Artificial Intelligence 21 min read

Unified Multimodal Modeling: How LongCat-Next Bridges Understanding and Generation

The article analyzes why text models naturally combine understanding and generation, explains the fundamental conflicts that prevent images from sharing the same tokenization, and details LongCat-Next’s discrete autoregressive approach—using SAE visual encoders, residual vector quantization, and a unified LLM backbone—to achieve a single model that can both comprehend and create multimodal content.

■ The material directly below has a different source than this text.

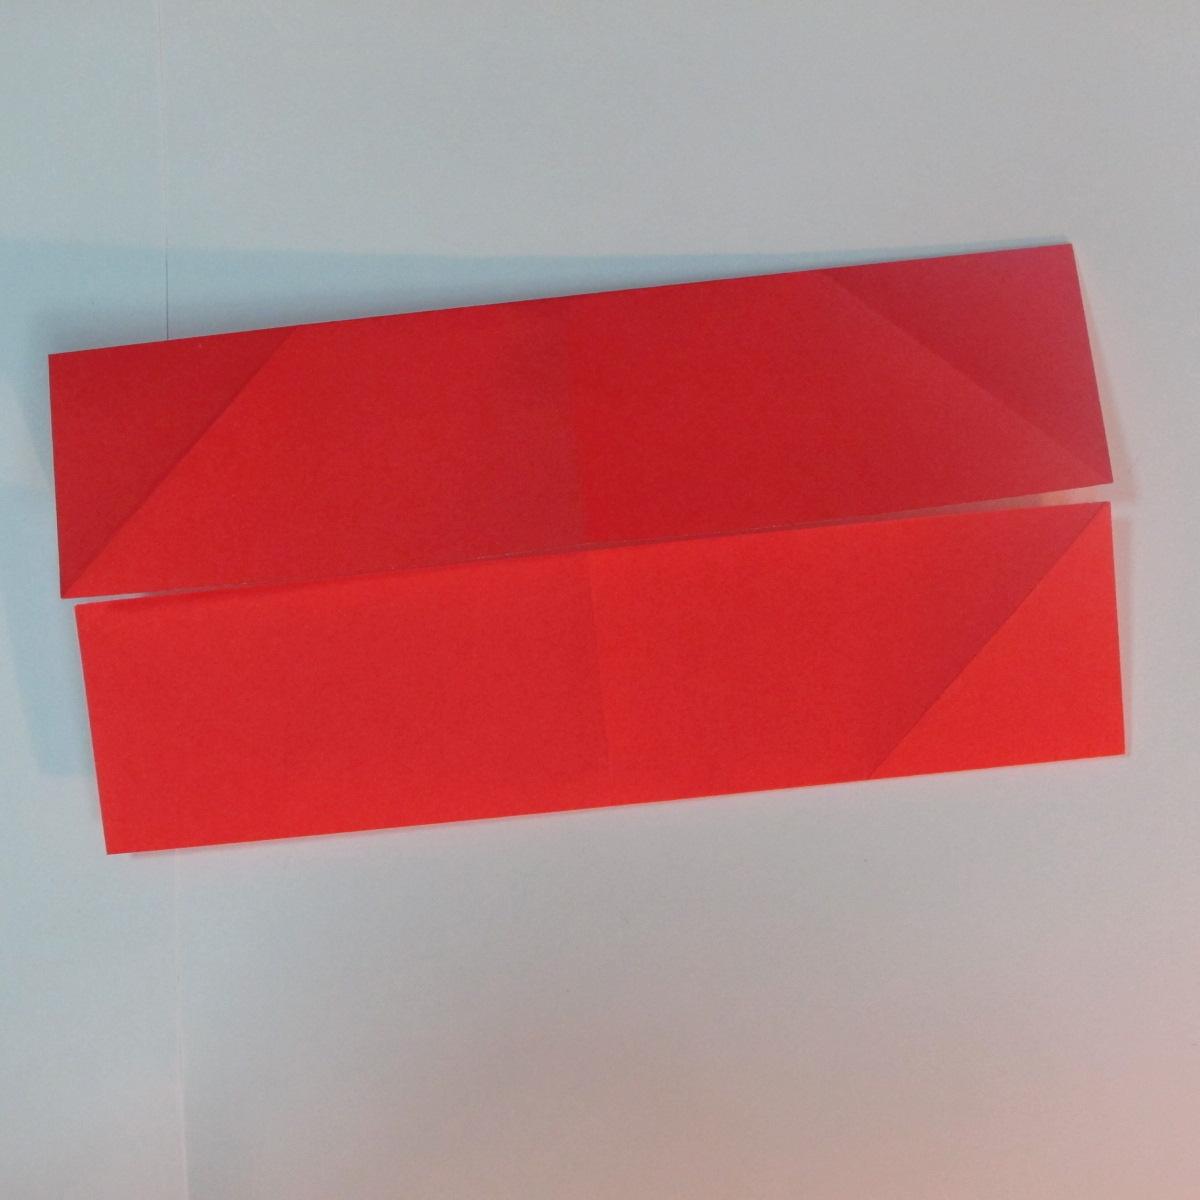 วิธีพับกระดาษพับดอกกุหลาบ 004

Machine Learning Algorithms & Natural Language Processing

Mar 31, 2026

Unified Multimodal Modeling: How LongCat-Next Bridges Understanding and Generation

In computer‑vision research there are two historically separate model families: the "understanding" stream (e.g., LLaVA, InternVL) that can interpret images but cannot generate them, and the "generation" stream (e.g., Stable Diffusion, DALL‑E) that can create images but cannot understand them. Text models avoid this split because a single next‑token prediction simultaneously handles both tasks.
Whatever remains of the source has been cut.